En ese coche, que discurría por la carretera siguiendo la sinuosa línea de la costa, íbamos seis personas, cuatro en el asiento trasero, en silencio y apretados como sardinas, pero no me importaba, apenas notaba el contacto con la gente, mi piel era impermeable a cualquier estímulo exterior, lo único a lo que prestaba atención era a los pensamientos que se arremolinaban en mi cabeza como un torbellino.
Mi cara aplastada contra el vidrio caliente de la ventana. Hacía calor dentro del coche, pero no me apetecía bajarla, tampoco nadie me dijo que lo hiciera. Fuera seguía lloviendo, una lluvia tenue pero constante, apenas perceptible y que teñía de tristeza todo lo que ocurría más allá del cristal.
3. Nadie hablaba, por si las palabras rompían la frágil membrana de los pensamientos más íntimos.
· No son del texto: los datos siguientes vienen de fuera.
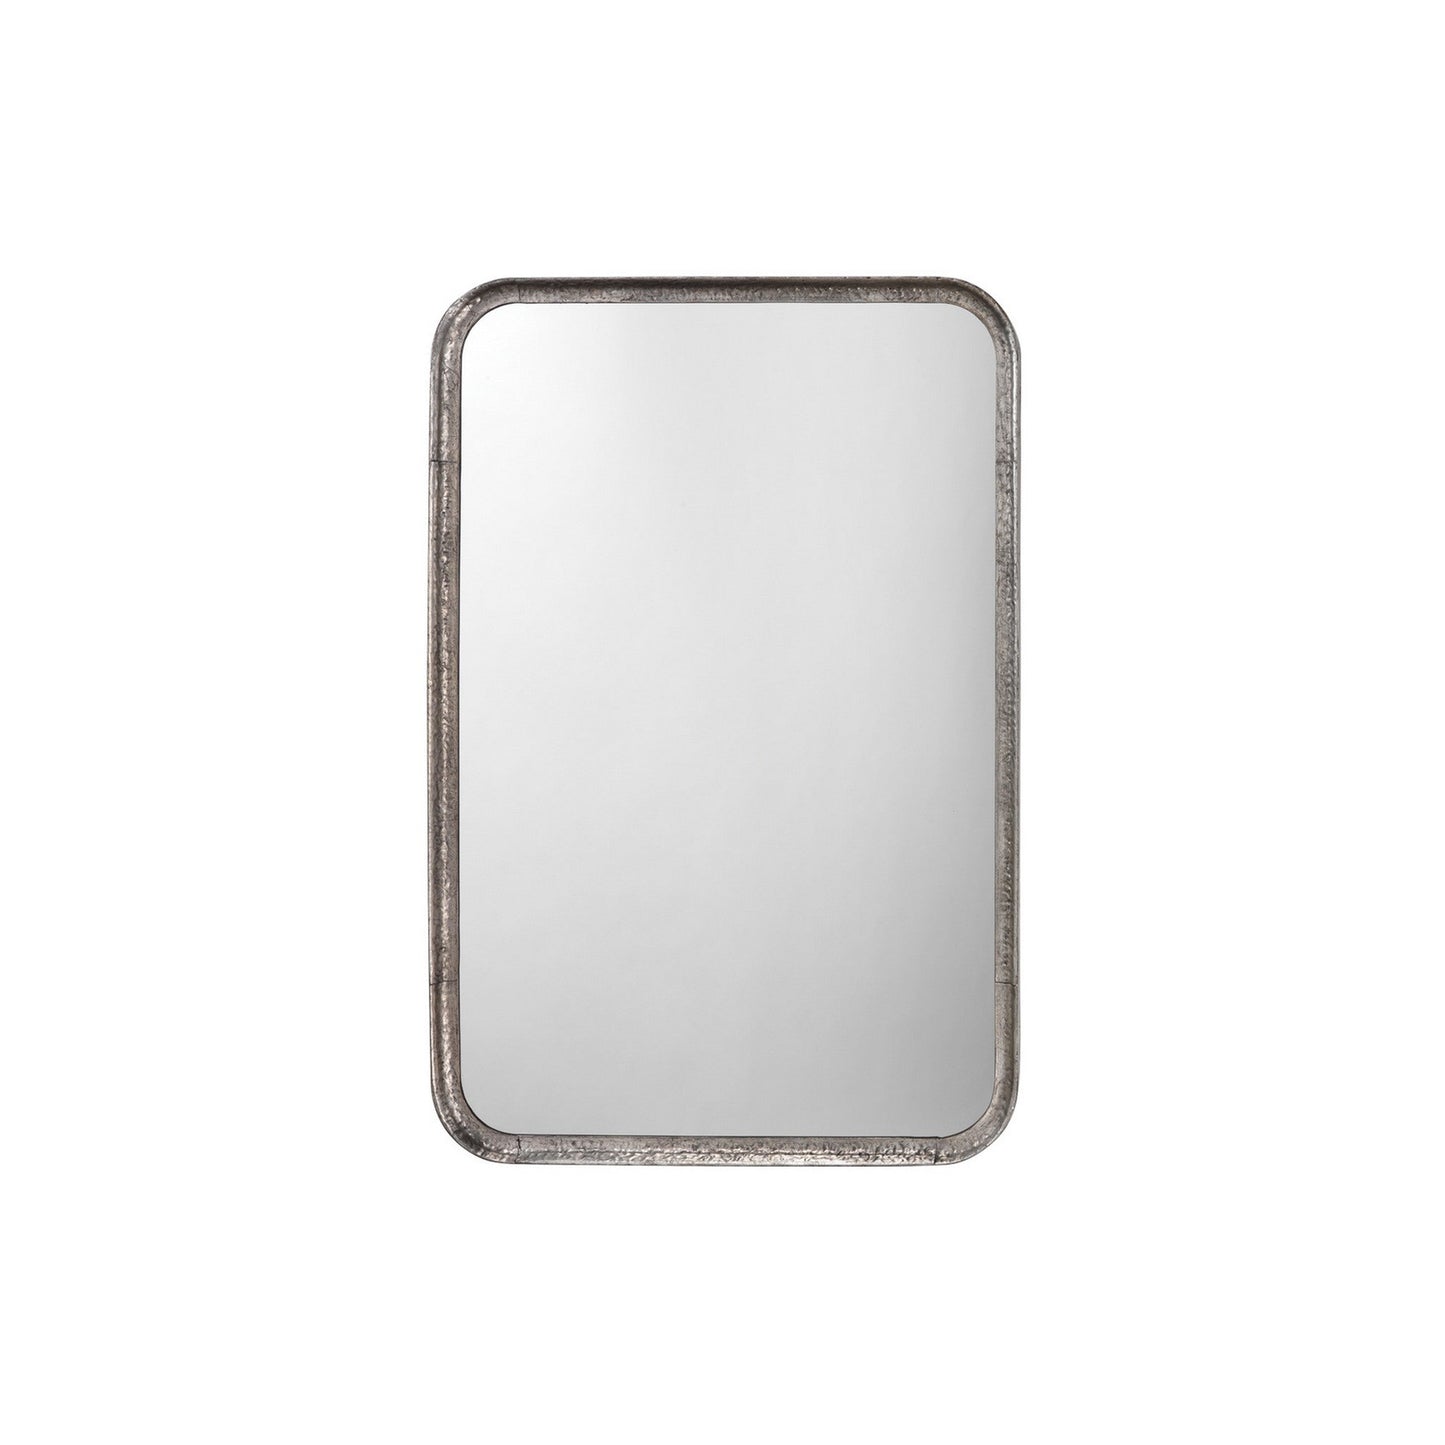 Jamie Young Principle 24" x 36" Rectangular Vanity Mirror With Silver Leaf Metal Frame

Sólo se escuchaba el ruido del motor del coche al forzarlo para subir la pendiente que nos alejaba de la carretera de la playa.
Cada poco tiempo metía la mano en el bolsillo de la americana para asegurarme que la carta estaba en su sitio, el tacto con el papel me reconfortaba. Cada beso que me has dado ha sido una caricia para mi espíritu, tus manos rodeando mi cuerpo la seguridad de estar viva y de quererte más que a mi propia existencia. Me la sabía de memoria, cada palabra, cada rincón de una carta que llevaba la certeza de tu paso por el mundo, la evidencia de tu presencia.
Esa mañana, frente al espejo, mientras me anudaba una corbata que pertenecía a mi padre, pensaba en ti, en tu pelo suelto dejándose mecer por el viento, en tu sonrisa, en tus ojos color azul, un inmenso azul infinito y etéreo, mientras la voz de mi madre me apremiaba desde la cocina, no puedes llegar tarde, Rafael ya ha llegado, vamos, Leonardo, te están esperando. No quería ver a Rafael, todo lo ocurrido era muy reciente, no sabía si alguna vez podría llegar a perdonarle, pero mi padre no había podido llegar a tiempo. No tenía más remedio que ir en el coche de Rafael.
Me apretaban los zapatos, eran nuevos, crujían, podía oler la piel con la que estaban hechos, me los había regalado mi madre. El traje me quedaba ligeramente holgado, pero lo prefería, odiaba la ropa que me quedaba pequeña y me apretaba el estómago cuando me sentaba. No había dormido en toda la noche, con tu carta bajo la almohada para oler tus dedos al escribirla, tus dudas, tus certezas a la hora de enhebrar las palabras para que no resultaran muy dolorosas. Ni siquiera pude soñar contigo, los párpados se resistieron a cerrarse, como si al hacerlo fueras a desaparecer para siempre.
4. No quería apretar demasiado los cordones, los zapatos me iban a demoler los pies y eran muchas horas las que quedaban hasta que llegáramos a la ciudad. Iba a tu ciudad, a tu mundo, ese del que me habías hablado en multitud de ocasiones. De su estación de autobuses a la que me ibas a ir a buscar, sus amplias avenidas, sus teatros, sus cines…
Al levantarme aquella mañana y asomarme a la ventana de mi habitación, descubrí un día acorde con mi estado de ánimo. El cielo plomizo, gris, casi negro, con ganas de descargar una lluvia necesaria para limpiar las calles del calor que había hecho esos últimos días de agosto. Descubrí con cierta indiferencia que me daba igual si llovía o no, si el día era gris o el cielo estaba rodeado de nubes cuyo presagio negruzco anunciaba tormenta.
El papel crujía al tocarlo, la carta seguía en el mismo lugar en el que la había dejado. Miraba por la ventana del coche y el pueblo en el que te había conocido era ya una mancha blanquecina que se perdía en la lejanía y se confundía con el azul del mar. Todo quedaba tan lejos que parecía un sueño y tan sólo fue ayer cuando estaba al lado del mar, pensando en todo lo que aquel verano me había dado, sin comprender que ese era el último día del último verano de mi vida.